Besser spät als nie melde ich mich auch endlich mal wieder mit einem Update zurück. Die letzten Wochen hatten es stressmäßig ziemlich in sich aber nun bietet sich endlich mal wieder die Gelegenheit für einen Rückblick auf die letzten Wochen.

Update Länge


Die längsten Haare kratzen mittlerweile an der 65cm Marke. Das bedeutet 1,5cm Zuwachs im Mai womit ich nach wie vor happy bin. Da ich im Juni bisher sehr faul war was NEMs und Kopfhautmassagen angeht, vermute ich für diesen Monat keinen bahnbrechenden Zuwachs, möchte hier aber wieder etwas disziplinierter werden. Aber das ist bei mir irgendwie so - mal achte ich penibelst auf Pflege(-optimierung) und dann bin ich wochenlang wieder total simpel und praktisch unterwegs. Irgendwo muss sich das ja auch die Waage halten.
Bild


Update Haarzustand und Struktur


Zum ersten Mal seit Jahresbeginn zweifle ich daran, ob das schnittfreie Jahr wirklich eine gute Entscheidung war. Meine Spitzen kommen mir verdammt trocken vor die letzten Wochen und ich weiß gerade nicht, ob ich mit dem schnittfrei Projekt nicht auf dem Holzweg bin. Zwar versuche ich durch Kuren und Spülungen sowie Ölen möglichst viel Feuchtigkeit in die Spitzen zu versiegeln aber sie sind teilweise trotzdem sehr trocken und wirken für mich ungesund. Ich denke ein Schnitt von 3,4cm würden im Moment nicht schaden aber ich werde trotzdem das schnittfreie Jahr durchziehen. Im schlimmsten Fall muss ich nächstes Jahr in kürzeren Abständen trimmen.

In Sachen Struktur ergeben sich in letzter Zeit auch neue Erkentnisse. In der Unterwolle und der Schläfengegend bilden sich teilweise leichte bis starke Wellen. An den Schläfen drehen sich einzelne Strähnen teilweise richtig ein. Es ist etwas schwierig die Struktur per Foto einzufangen aber die Wellen sehen ungefähr so aus:

Bild

Mein Deckhaar ist hingegen nach wie vor einfach nur glatt und ich finde momentan keine passende Pflege für beide Strukturen. Nach wie vor funktioniert allerdings die Seifenwäsche noch am Besten und nach meinen Experimenten aus dem letzten Jahr mit Khadi Shampoos werde ich wahrscheinlich doch final und dauerhauft auf Seifenwäsche und feste Shampoobars fürs Fitnessstudio umsteigen.

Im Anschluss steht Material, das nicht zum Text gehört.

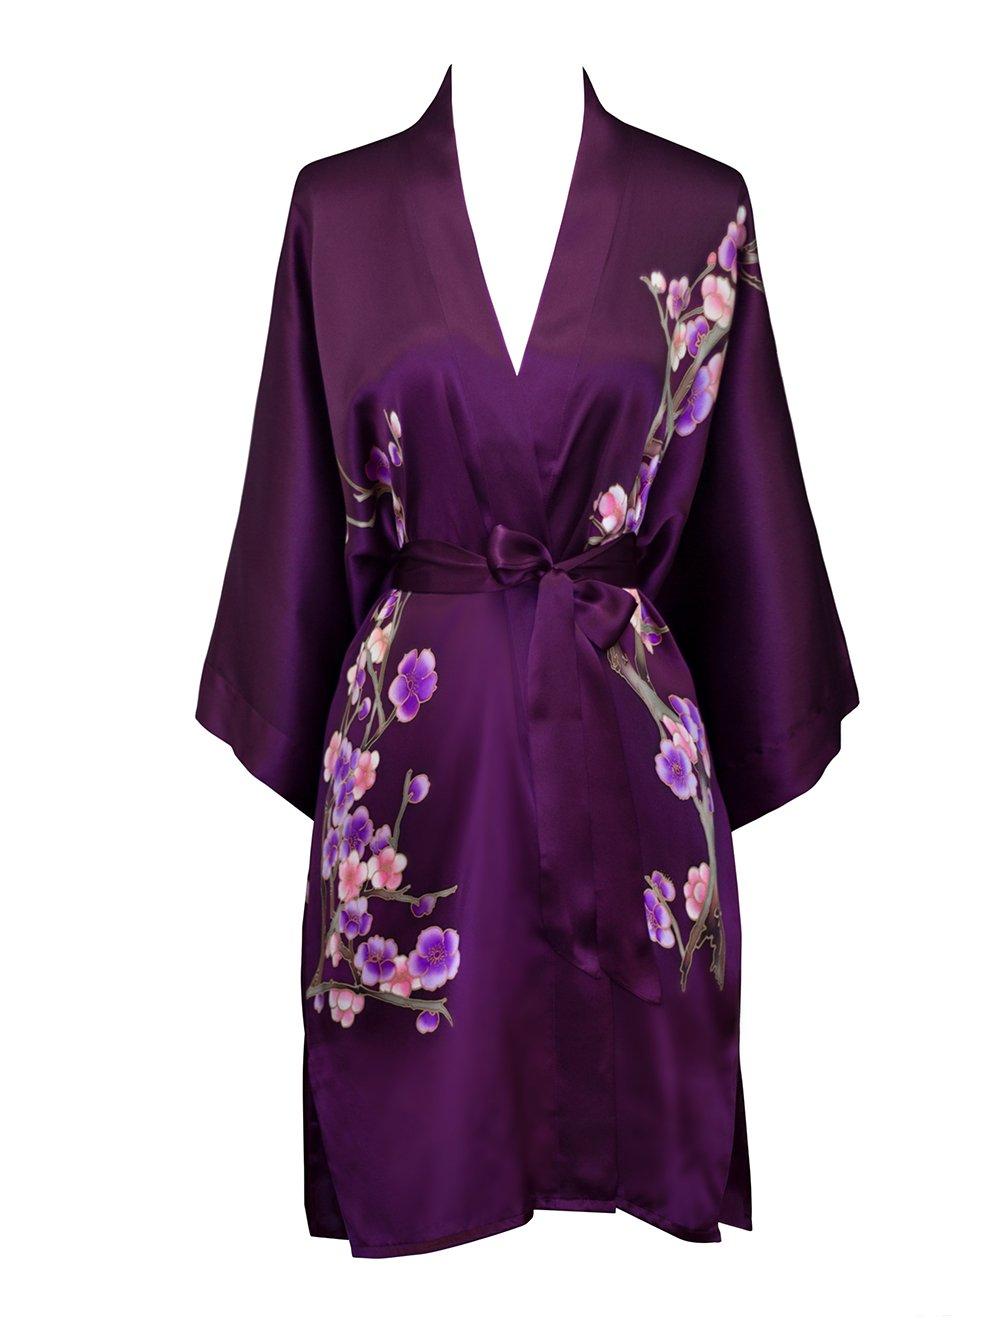 Old Shanghai Women's Silk Kimono Short Robe - Handpainted (Cherry Blossom Plum) by Old Shanghai (Image #1)
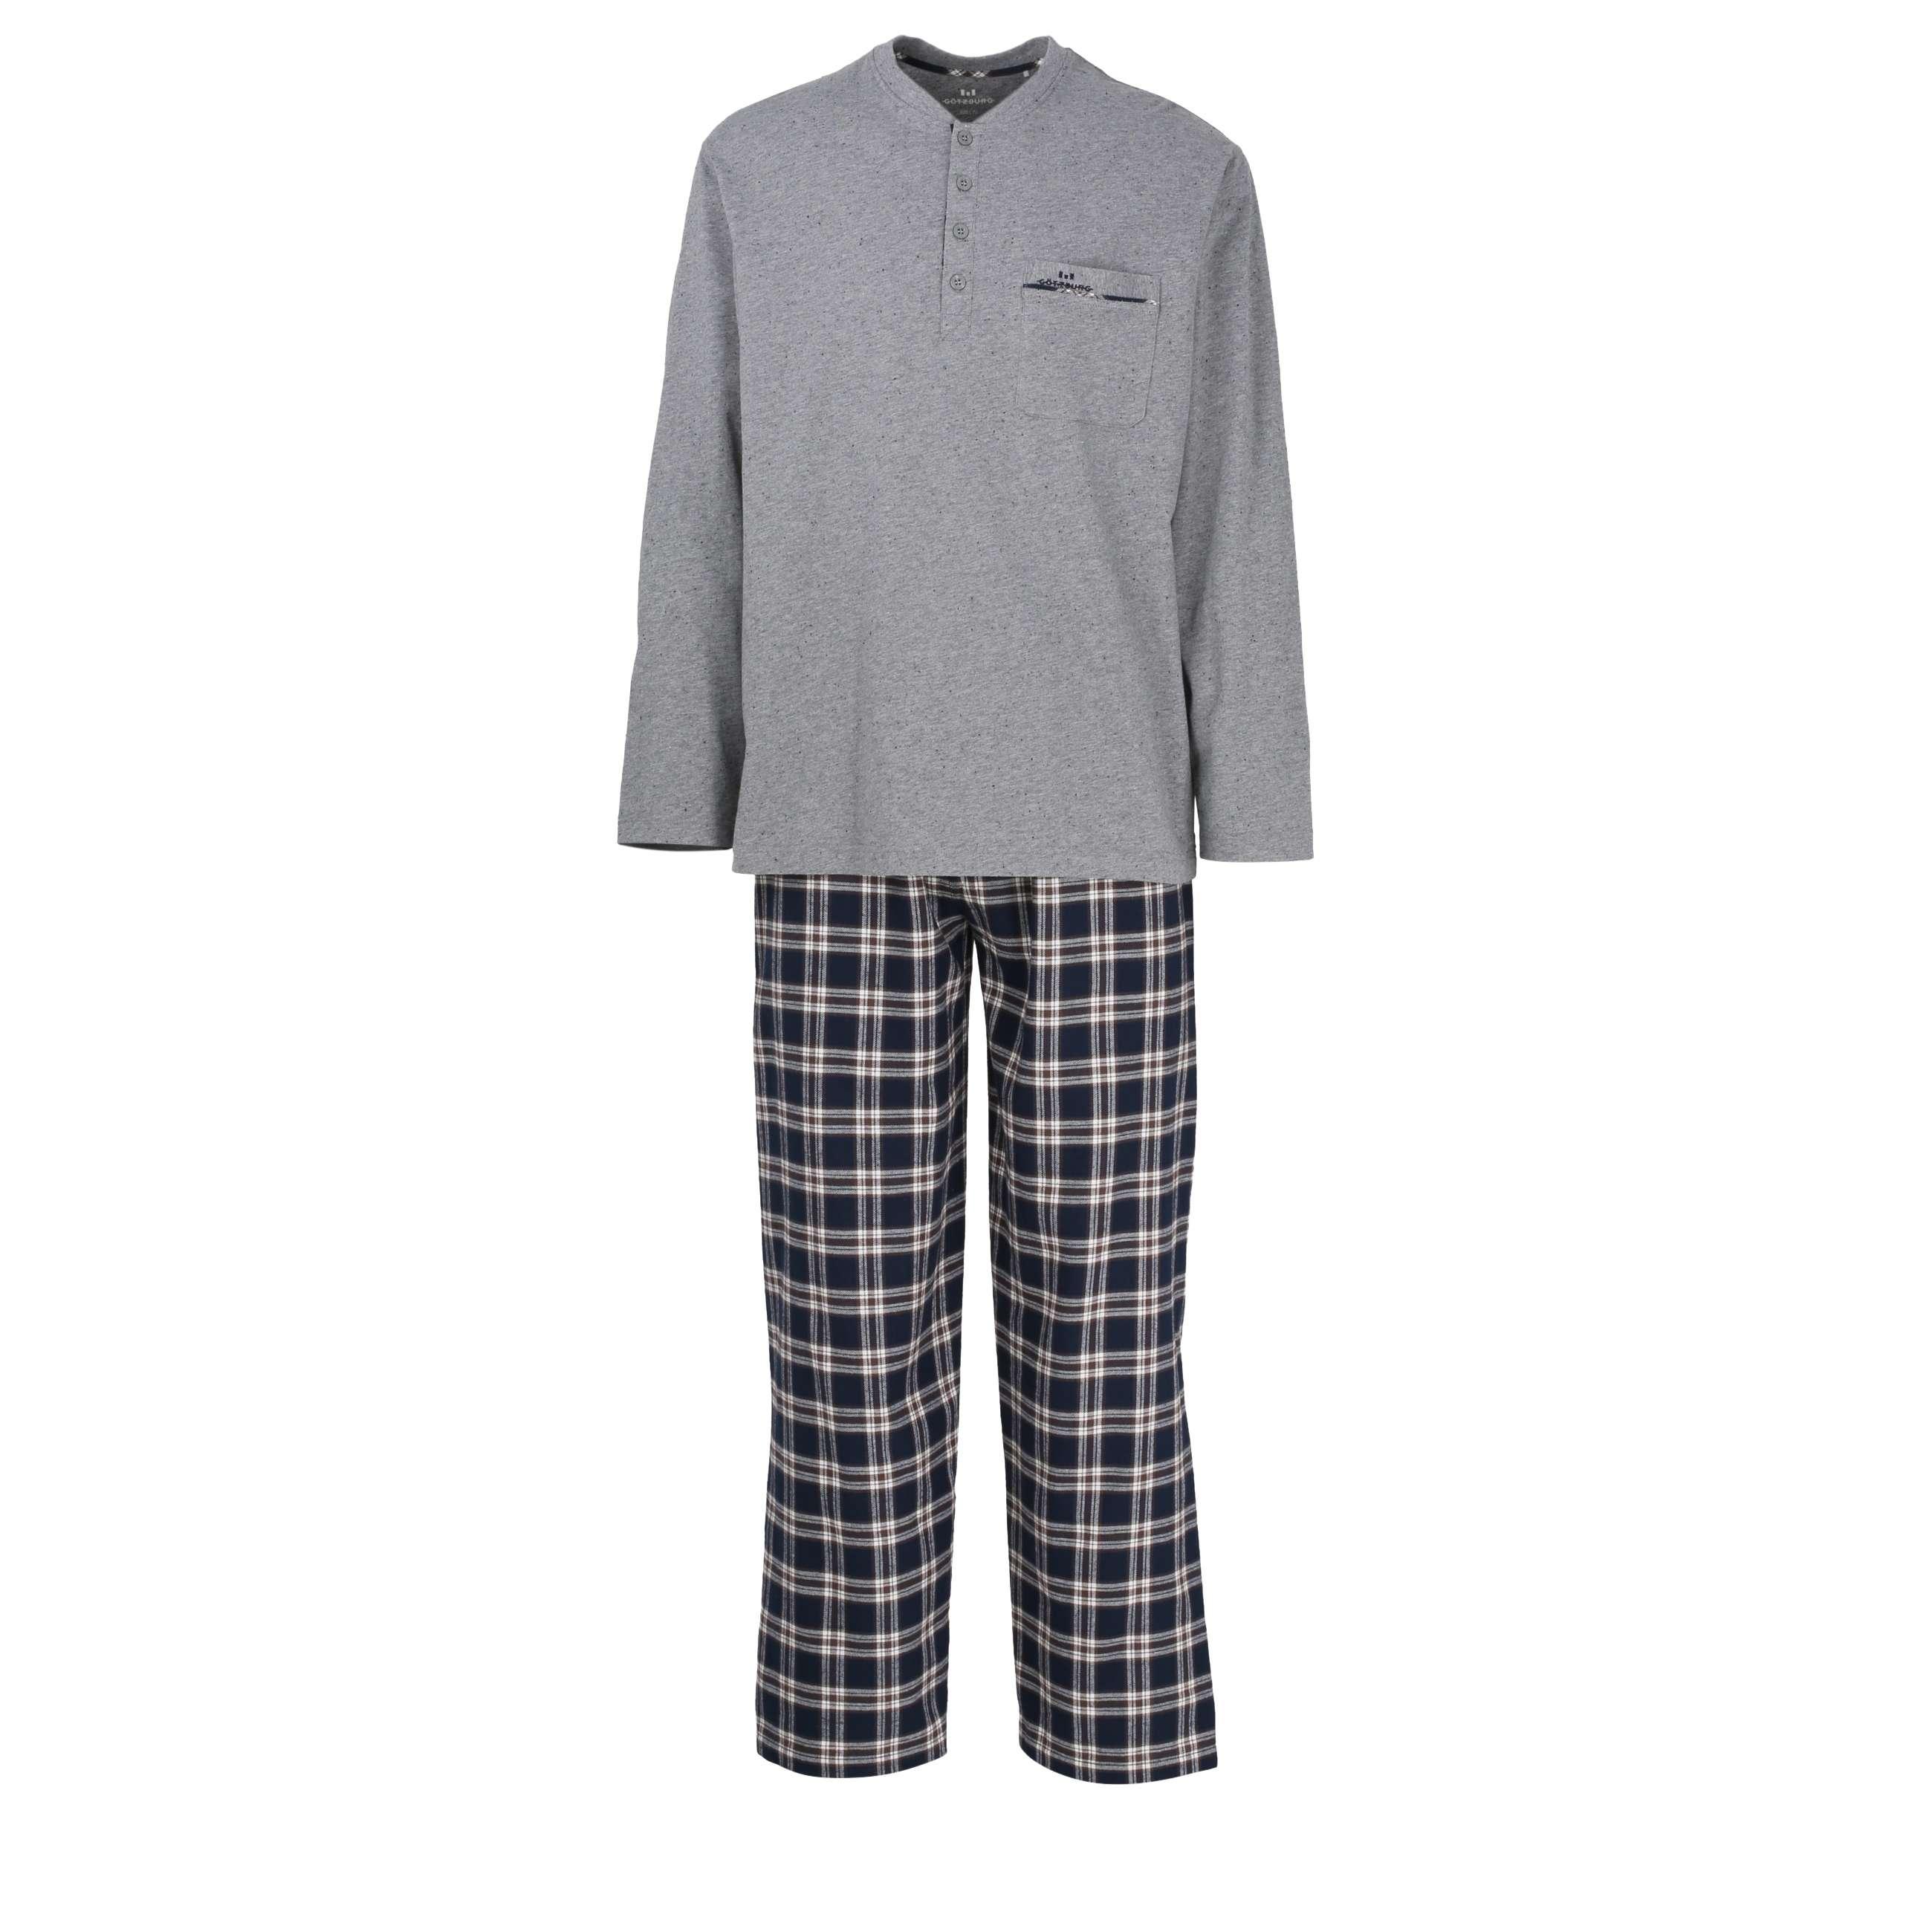 g tzburg herren pyjama schlafanzug kariert. Black Bedroom Furniture Sets. Home Design Ideas

Auf diesem Bild meiner ungekämmten Haare sieht man finde ich auch, dass die unteren Haare teilweise gewellt sind und das Deckhaar dann pinstraight drüber liegt.

Bild


Haarfarbe


Mein letztes Haarfarbexperiment mit wenig purem Henna und Cassia hat sich inzwischen wieder verflüchtigt und mein Haar scheint den dadurch entstandenen leichten Kupferschimmer wieder verloren zu haben (siehe auch Bild oben). Mir macht inzwischen die Färberei mit PHF total Spaß weil ich dieses Gematsche (abgesehen vom schmutzigen Badezimmer danach) mag und auch das Gefühl der griffigen, vollen Haare kurz nach der Färbung. Ich werde die Färbung eventuell diese Woche wiederholen und dann hoffentlich auch genauer hier dokumentieren, inklusive vorher-nachher Bilder.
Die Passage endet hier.